The authors experimented with a simple way to achieve such a model: they used the LM itself (leveraging its pre-existing knowledge) to predict essential tokens during instruction fine-tuning while modifying the Transformer’s attention masks. Given a pair (task, input), they add essential tokens between the task and the input and set the attention mask as follows: input tokens after essential tokens cannot serve any of the request tokens before the essential tokens (but you can pay attention to the essential tokens). Since the input and output cannot service the request, this forces the model to compress the request information into intermediate essential tokens.
To train the essential models, they needed a dataset with a large variety of tasks, so they created a dataset they called Alpaca+, which combined data from two existing instruction-fit datasets (Standford Alpaca and Self- Instruct) totaling over 130k examples. They then ran 3 validation splits to be able to validate the model after training which had visible, invisible and hand made human cues. In this way, they were able to prove generalization to invisible instructions, and the human division posed an even stronger generalization challenge. They also used multiple LM architectures (namely LLaMA-7Bm, a decoder-only GPT-style model, and FLAN-T5-XXL) and essential models trained with a variable number of essential tokens (1, 2, 5, or 10). However, the results showed that the models were generally insensitive to the number of essential tokens, and in some cases even showed that a higher number of tokens was actually detrimental to performance. Therefore, they used a single essential model for the rest of the experiments.

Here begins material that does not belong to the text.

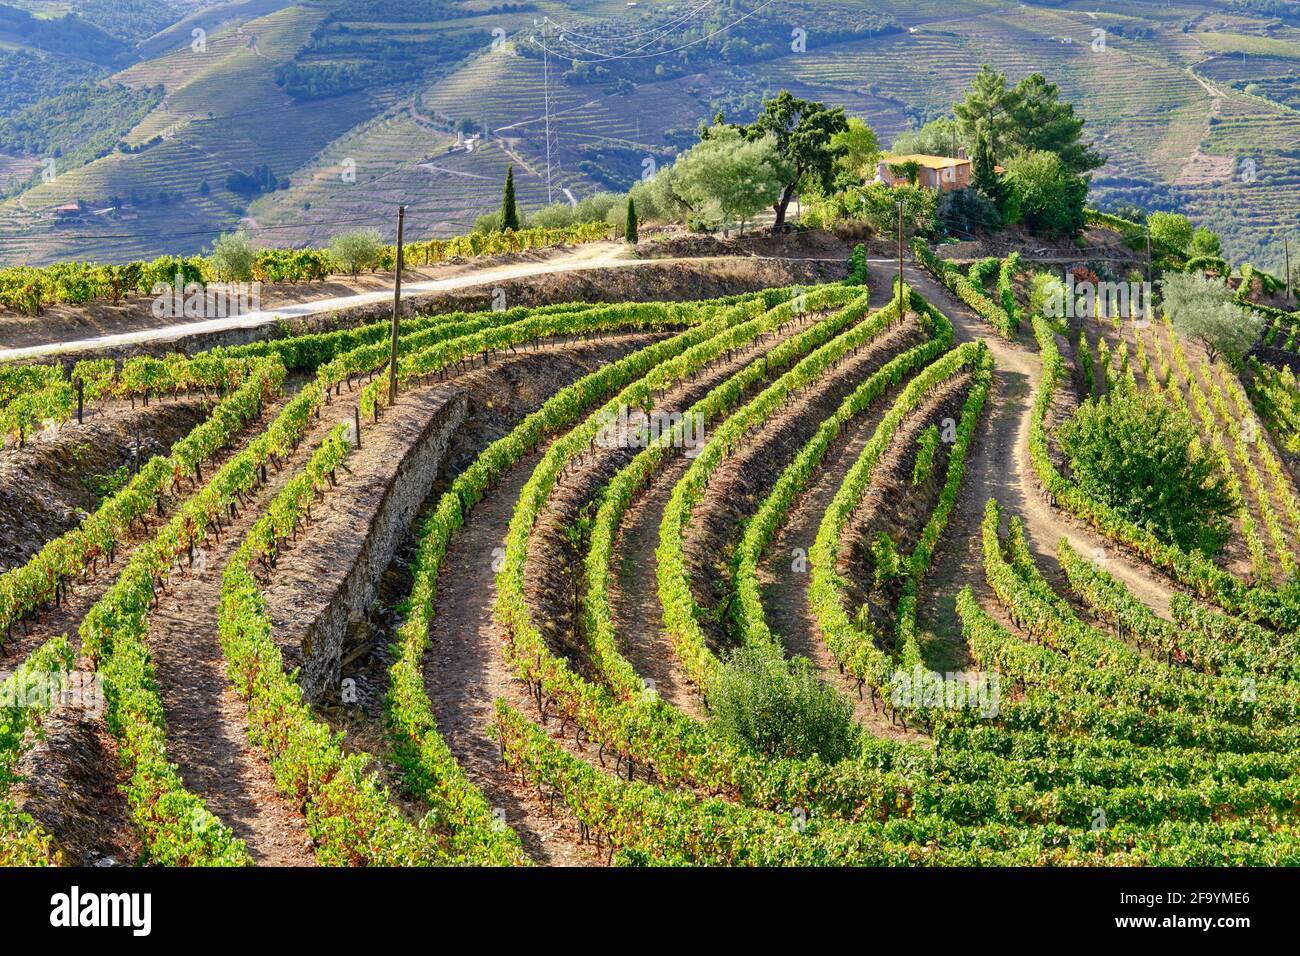 Vale de Mendiz, a valley spreading along the road from Alijo to Pinhao, is full of vineyards to produce the world famous Port wine and the Douro wine. Stock Photo
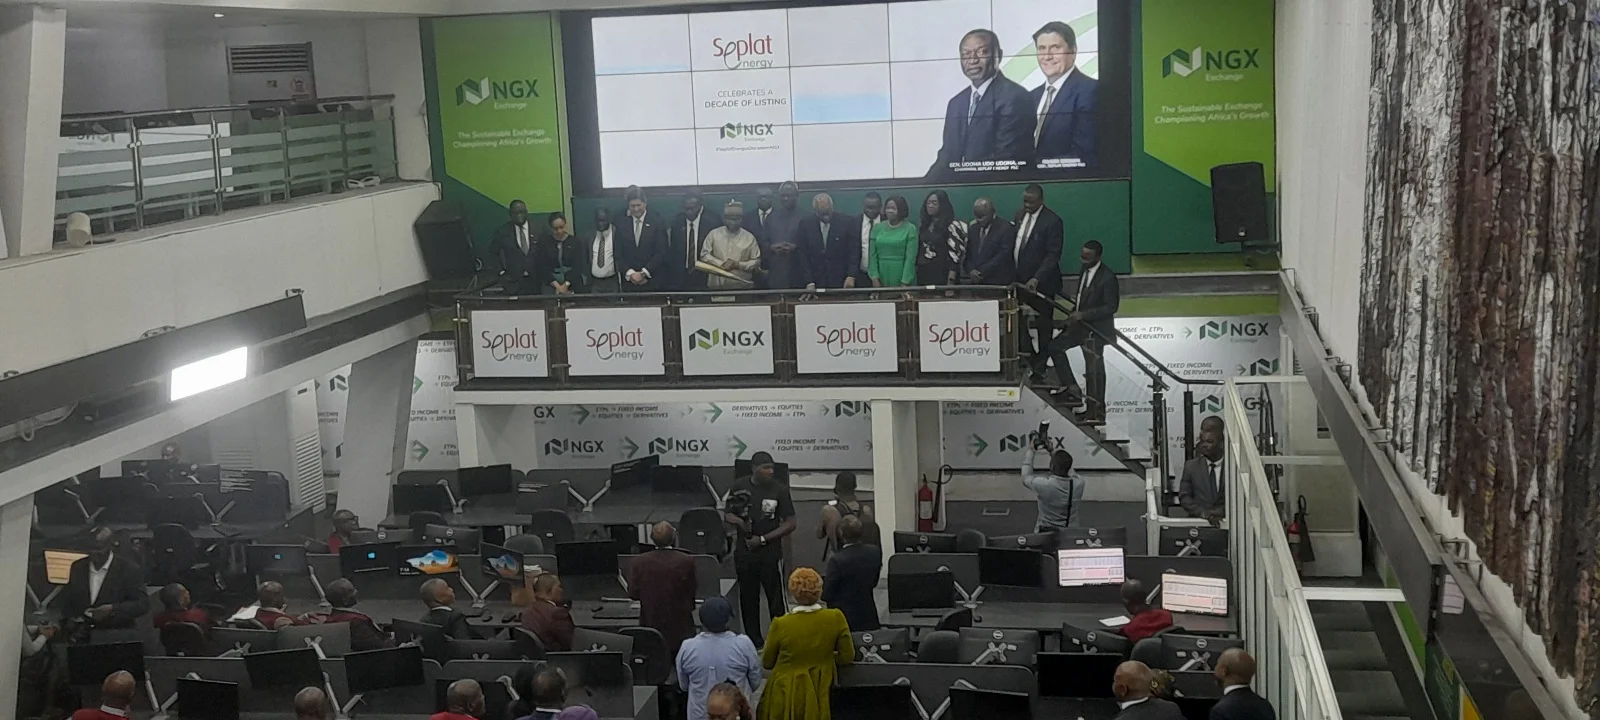 Seplat Energy pays $2bn Tax to FG since listing on the NGX in 2014

JOIN the fastest ML subreddit community

To assess the quality of fast compression, they calibrated performance with a positive control, which was effectively a standard instruction fine-tuning, providing an upper bound on performance, and a negative control in which the model would not have access to the instruction at all. resulting in random essential tokens, which provided a lower bound on performance. To compare the results of their models with the positive control and measure the win rate, they asked ChatGPT to choose which answer was better, explaining their reasoning. They also used a simple lexical overlap statistic called ROUGE-L (a metric that measures similarities between generated text and human-written instructions in fine-tuning of open-ended instructions). A 50% success rate indicates that the model is of comparable quality to a model that does not perform immediate compression.

The results showed that, according to Seen’s instructions, the essential models performed very closely to the positive control models with success rates of 48.6% (LLaMA) and 50.8% (FLAN-T5). Most importantly, they were able to show that the essential models had competitive generalizations for unseen indications, with success rates of 49.7% (LLaMA) and 46.2% (FLAN-T5). In the most challenging human division alone, they saw slight drops in win rates (but still competitive) at 45.8% (LLaMA) and 42.5% (FLAN-T5). The slightly worse performance of the FLAN-T5 and the particular cases of failure brought more hypotheses to be tested in future articles.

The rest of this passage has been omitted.